29. After all is said and done, a heck of a lot more is said than done.
30. Any circuit design must contain at least one part
which is obsolete, two parts which are unobtainable and three parts which are still under development.
31. If mathematically you end up with the incorrect answer, try multiplying by the page number.
32. Computers are unreliable, but humans are even more
unreliable. Any system which depends on human reliability is unreliable.
33. Give all orders verbally. Never write anything down that might go into a "Pearl Harbor File".
34. Under the most rigorously controlled conditions
of pressure, temperature, volume, humidity, and other variables
the organism will do as it darn well pleases.
35. The more cordial the buyer's secretary, the greater the odds that the competition already has the order.
36. In designing any type of construction, no overall
dimension can be totalled correctly after 4:30pm on Friday. The correct total will become self-evident at 8:15am on Monday.

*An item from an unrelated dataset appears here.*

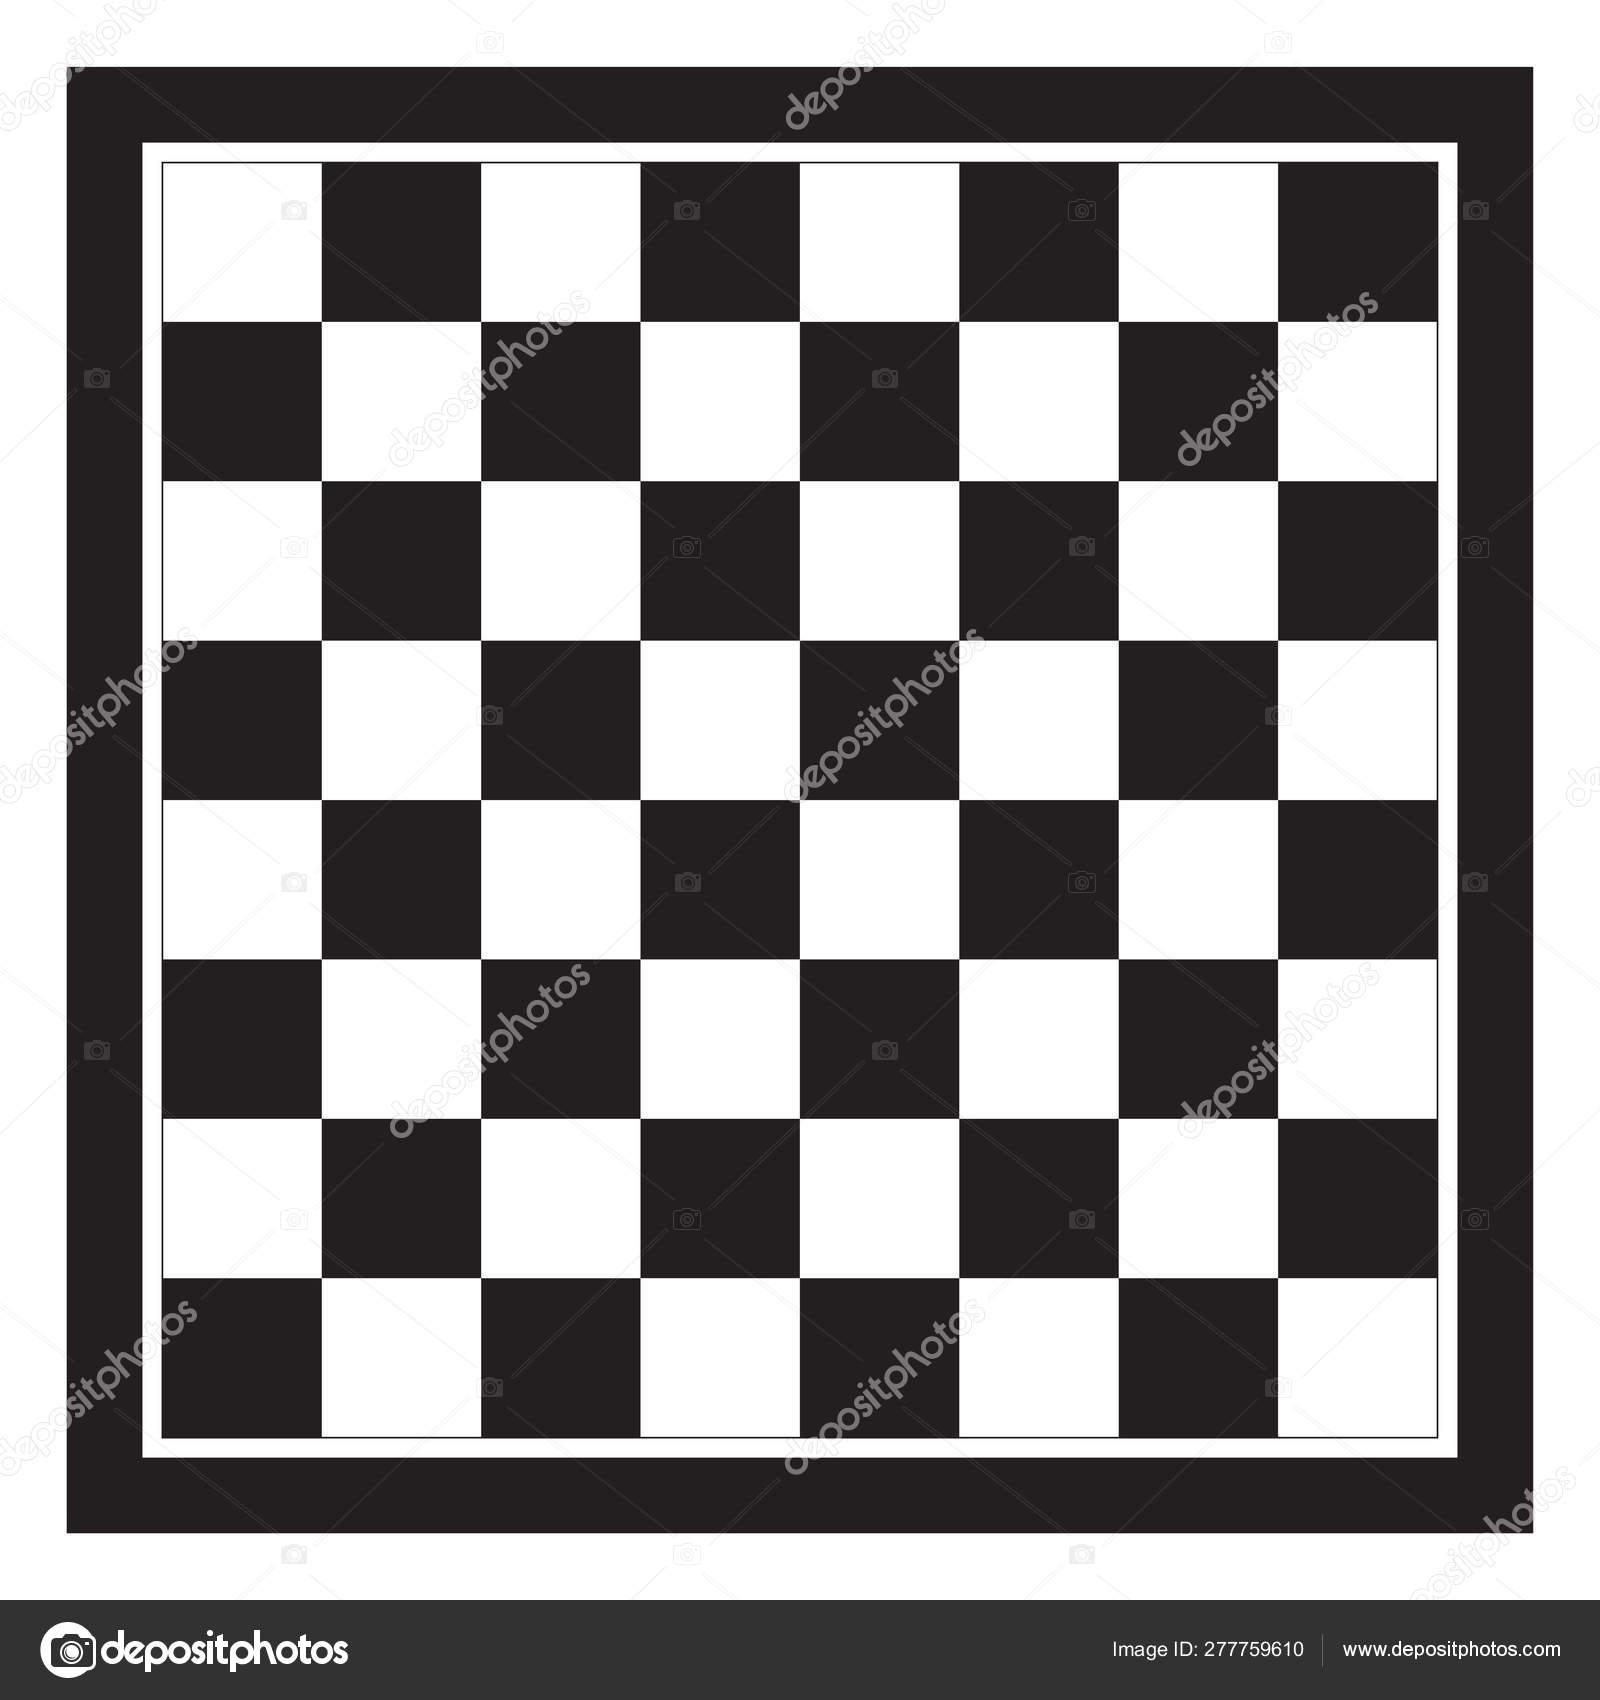 Chess board layout Royalty Free Vector Image - VectorStock

37. Fill what's empty. Empty what's full. And scratch where it itches.
38. All things are possible except skiing through a revolving door.
39. The only perfect science is hind-sight.

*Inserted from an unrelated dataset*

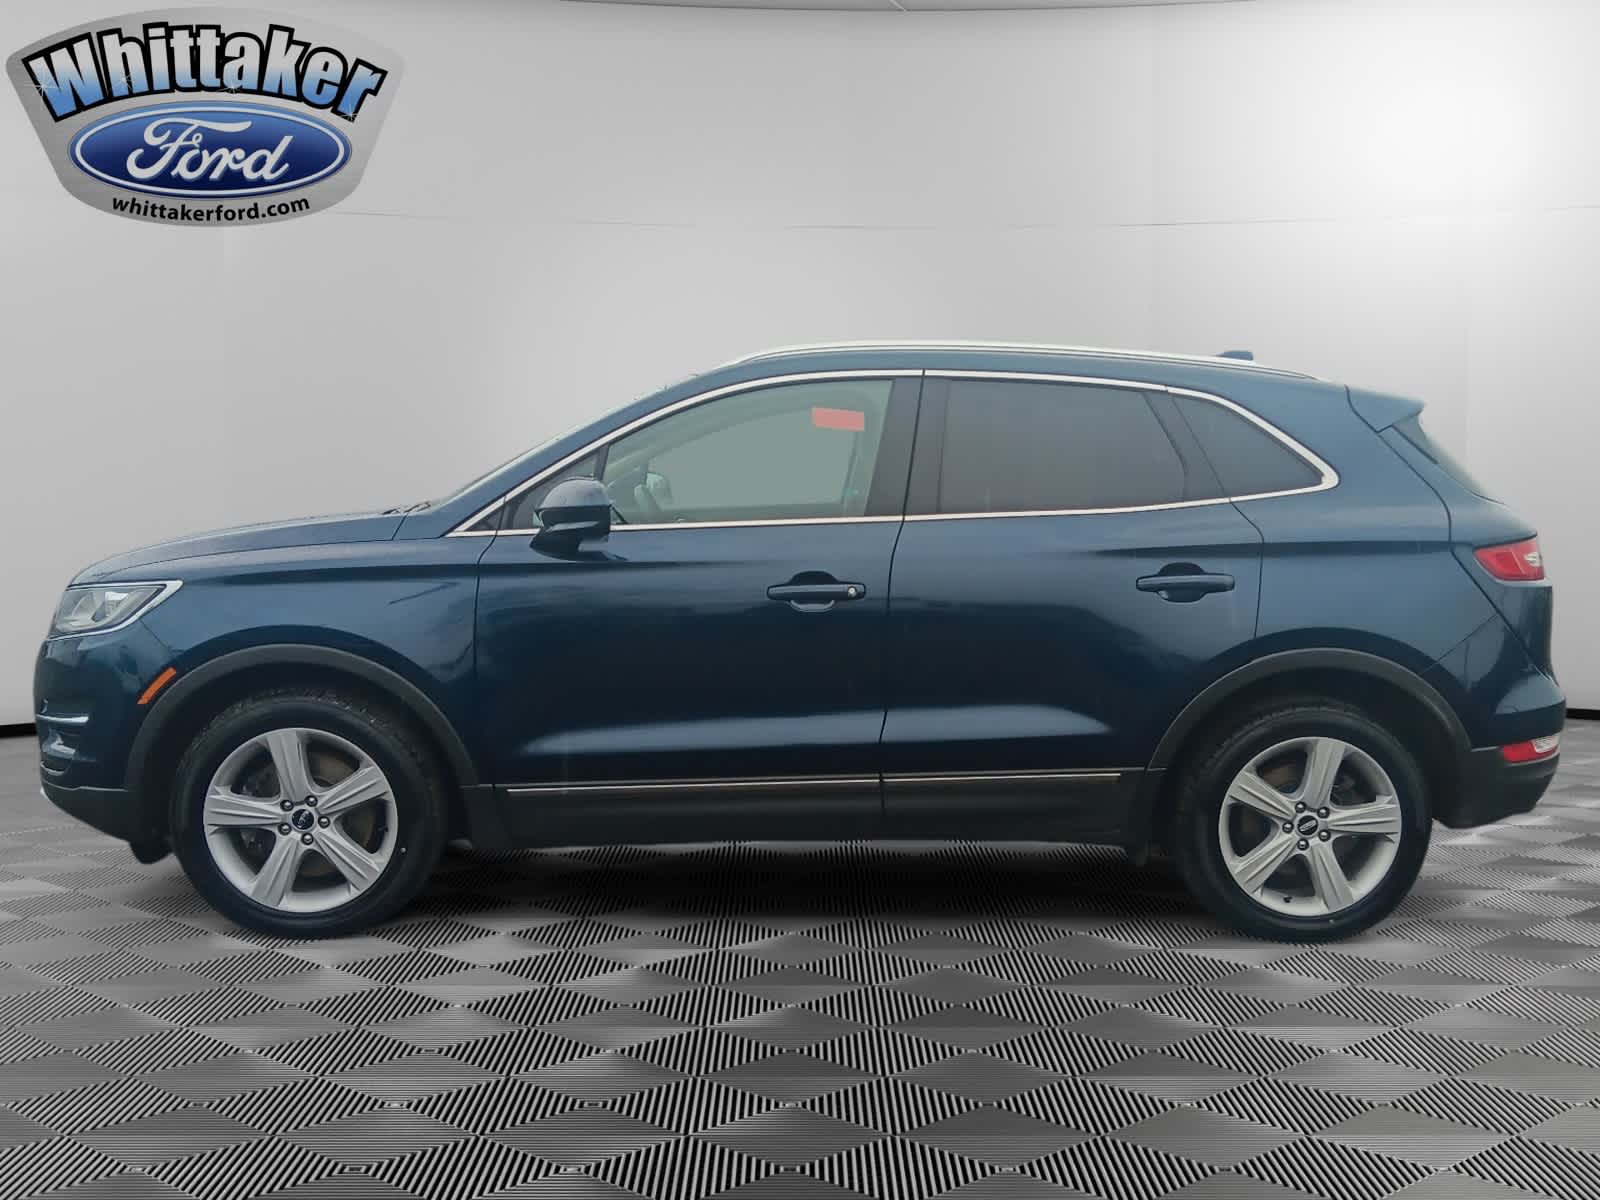 Used 2017 Lincoln MKC Premiere with VIN 5LMCJ1D91HUL23883 for sale in Williamson, NY

40. Work smarder and not harder and be careful of yor speling.
41. If it's not in the computer, it doesn't exist.
42. If an experiment works, something has gone wrong.
43. When all else fails, read the instructions.
44. If there is a possibility of several things going
wrong the one that will cause the most damage will be the one to go
wrong.
45. Everything that goes up must come down.
46. Any instrument when dropped will roll into the least accessible corner.
47. Any simple theory will be worded in the most complicated way.
48. Build a system that even a fool can use and only a fool will want to use it.
49. The degree of technical competence is inversely
proportional to the level of management.
And some of "Murphy's Son-in-Laws" by Aruther Block
1. O'REILLY'S LAW OF THE KITCHEN
Cleanliness is next to impossible.
2. LIEBERMAN'S LAW
Everybody lies; but it doesn't
matter, since nobody listens.
3. DENNISTON'S LAW
Virtue is its own punishment.
4. GOLD'S LAW
If the shoe fits, it's ugly.
5. HAND GUIDE TO MODERN SCIENCE
If it's green or it wriggles, it's
biology.
If it stinks, it's chemistry.
If it doesn't work, it's physics.
6. CONWAY'S LAW
In any organization, there
will always be one person who knows what is going on. This person must
be fired.
7. GREEN'S LAW OF DEBATE
Anything is possible if you don't
know what you're talking about.
8. STEWART'S LAW OF RETROACTION
It is easier to give forgiveness
than permission.
9. HARRISON'S POSTULATE
For every action, there is an equal
and opposite criticism.
10. HANLON'S RAZOR
Never attribute to malice
that which is adequately explained by stupidity.
11. MUIR'S LAW
When we try to pick out anything
by itself, we find it hitched to everything else in the universe.
12. FIRST RULE OF HISTORY
History doesn't repeat itself
- historians merely repeat each other.
13. FINSTER'S LAW
A closed mouth gathers no
feet.
14. OLIVER'S LAW OF LOCATION
No matter where you go, there
you are.
15. LYNCH'S LAW
When the going gets
tough, everyone leaves.
16. GLYME'S FORMULA FOR SUCCESS
The secret of success
is sincerity. Once you can fake that, you've got it made.